N35Remark Code (RARC)Active
N35 Remark Code - Program Integrity Decision Explained
The N35 remark code indicates that the claim was affected by a program integrity or utilization review decision. This means that the payer conducted a review of the services billed to determine their appropriateness and necessity, which influenced the adjustment made on the claim.
How It Relates to the Denial
The N35 remark typically accompanies a claim adjustment reason code related to service denial or reduction due to issues identified during a program integrity or utilization review. The combination signals that the payer has determined the billed services did not meet established criteria for coverage or necessity.
Common Scenarios
1A provider submits a claim for a series of diagnostic tests, but the remittance advises that payment was reduced due to a review of the necessity of those tests.
→ In this case, the N35 remark suggests that the payer reviewed the tests and found them unnecessary based on their guidelines, justifying the payment reduction.
2A claim for outpatient therapy services is denied, and the remittance includes an adjustment reason code for non-coverage along with the N35 remark code.
→ The N35 remark indicates that the denial stems from a program integrity review, which concluded that the therapy services did not meet the payer's criteria for coverage.
3A hospital submits a claim for a surgical procedure that was partially paid, and the remittance includes both a claim adjustment reason code for underpayment and the N35 remark.
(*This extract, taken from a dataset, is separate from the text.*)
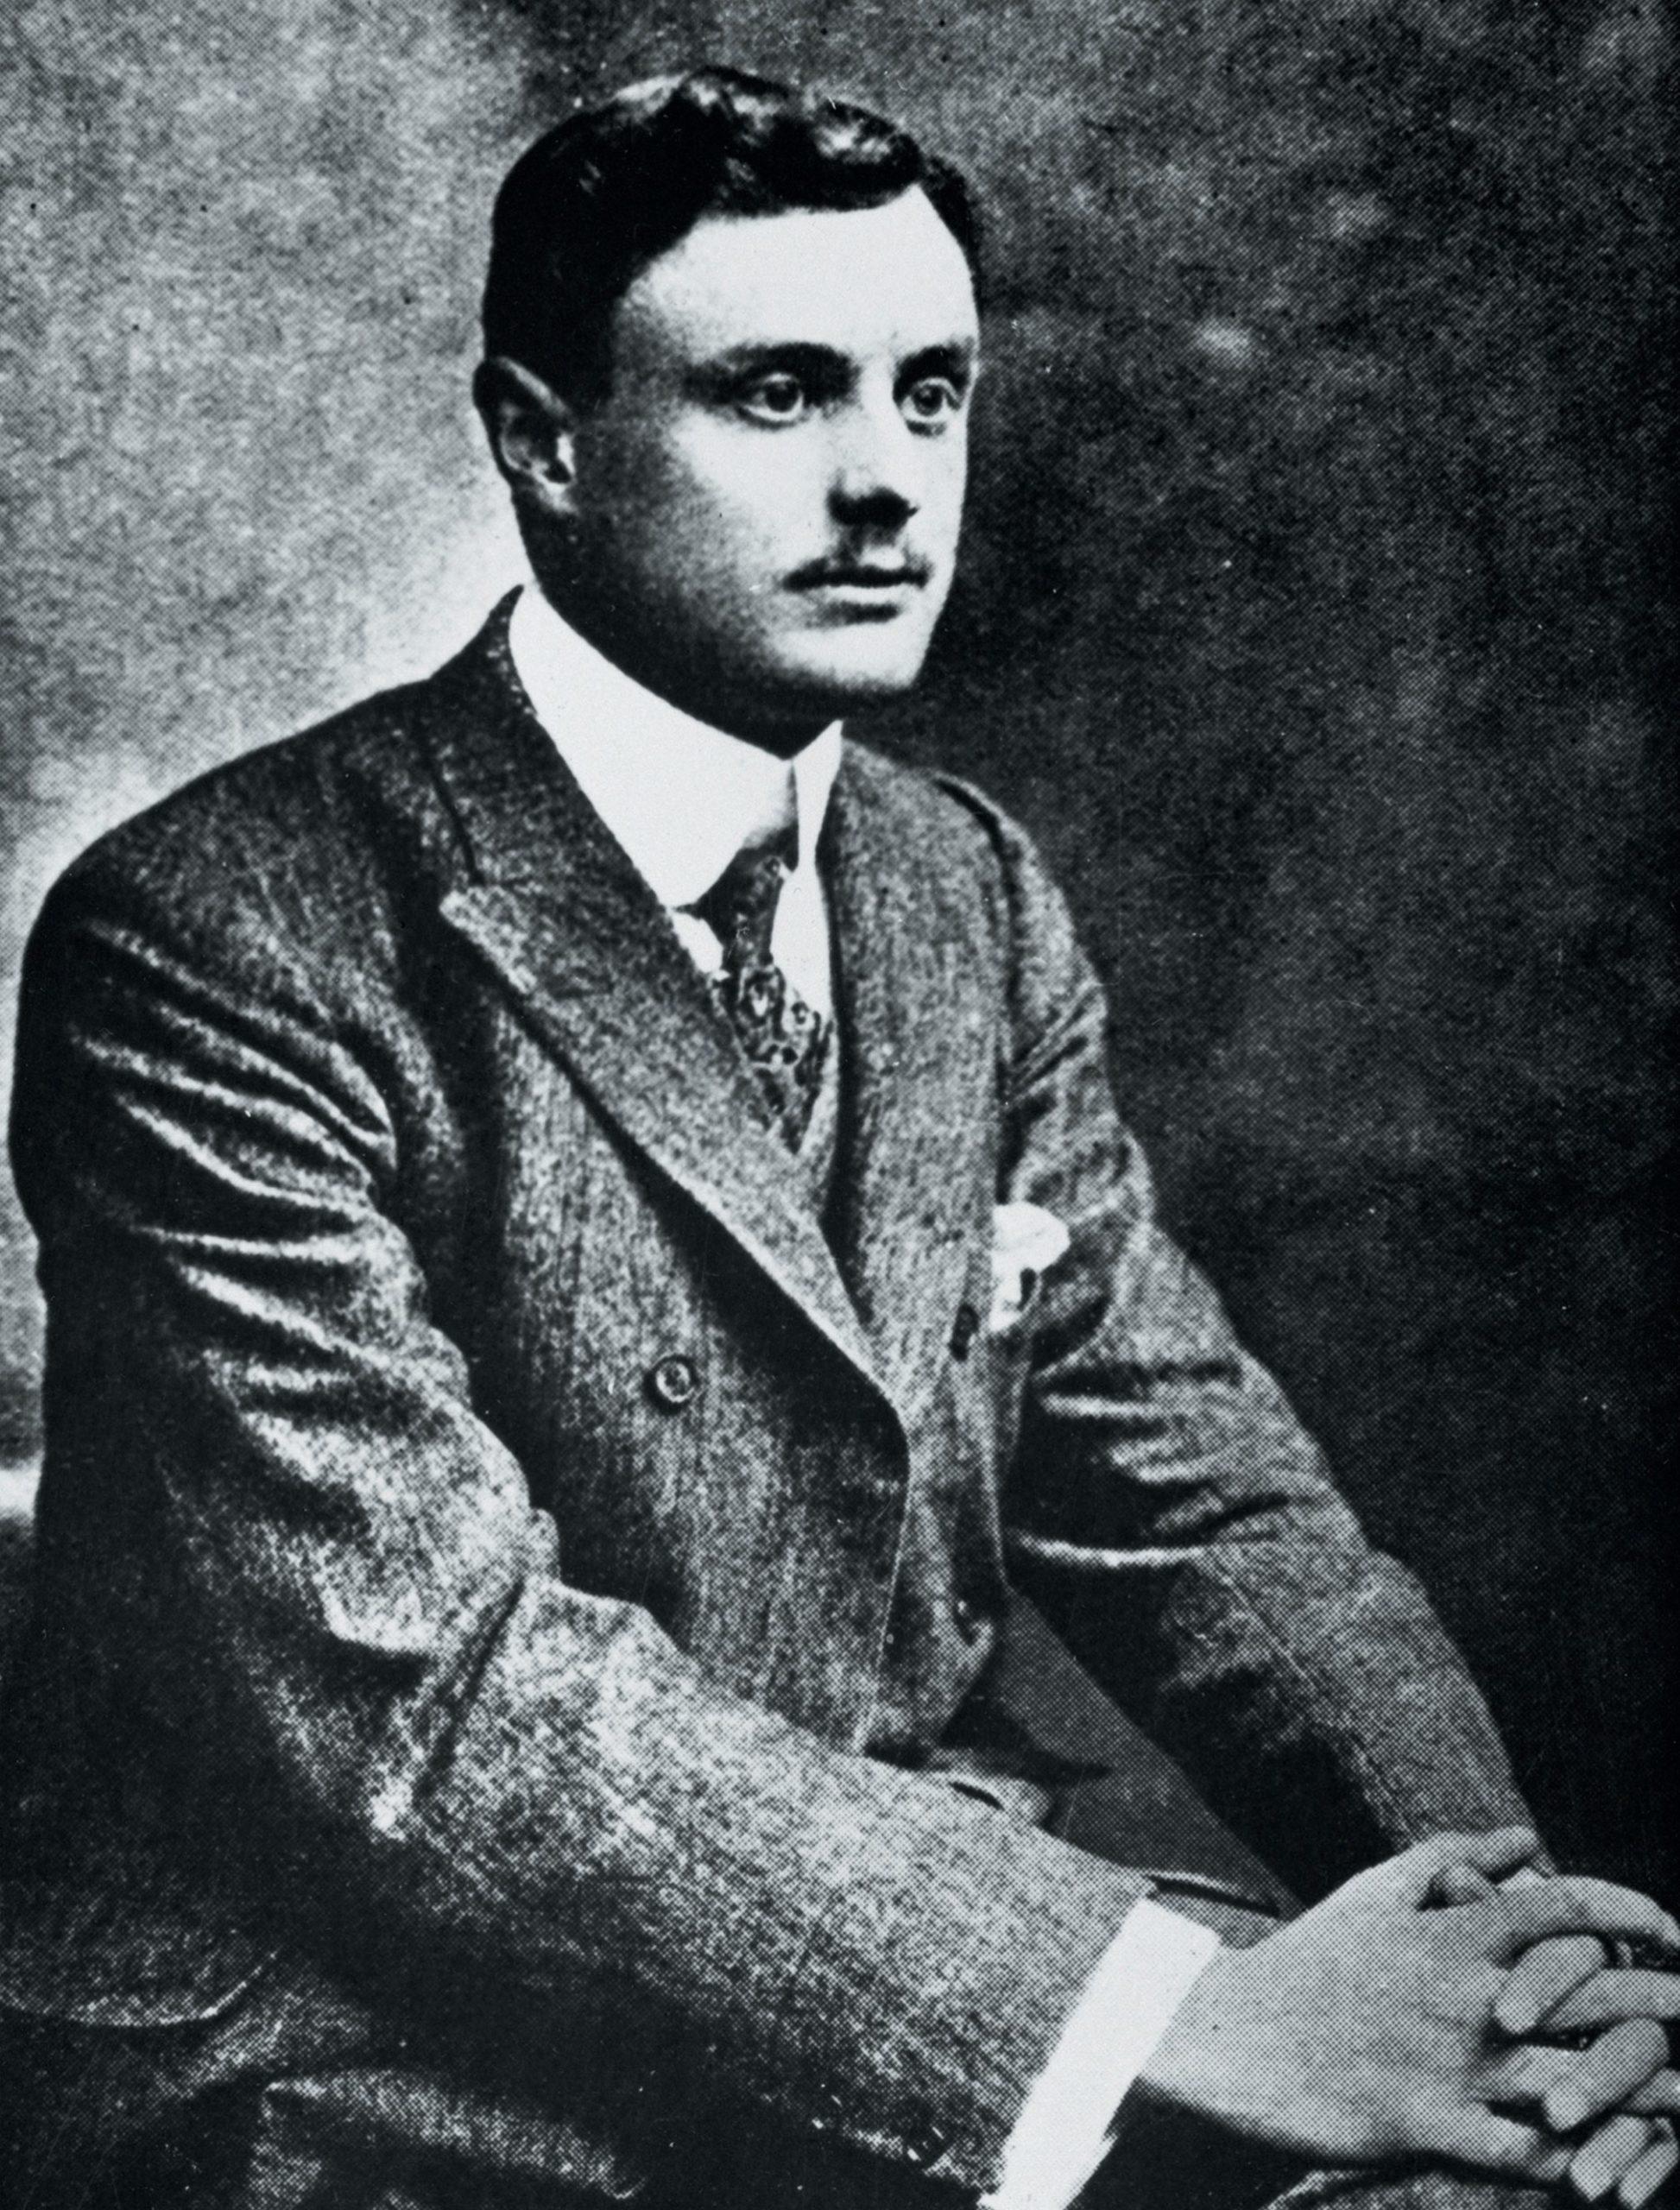 Charles Rolls: True Pioneer

→ Here, the N35 remark points to a utilization review that influenced the payout, indicating that the payer determined the procedure did not fully meet the required guidelines for reimbursement.
What to Do
- Review the accompanying claim adjustment reason code for details on the specific denial or adjustment.
- Consult clinical documentation to ensure that the services billed meet the payer's criteria for necessity and appropriateness.
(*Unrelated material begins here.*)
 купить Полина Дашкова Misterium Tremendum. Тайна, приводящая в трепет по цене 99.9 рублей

- If applicable, prepare to provide additional information or documentation that supports the medical necessity of the services rendered.
What to Check
- The clinical documentation supporting the services billed to verify compliance with payer guidelines.
- The claim adjustment reason code that accompanies the N35 remark for context on the adjustment.
- The payer's program integrity or utilization review criteria to understand the basis for the decision.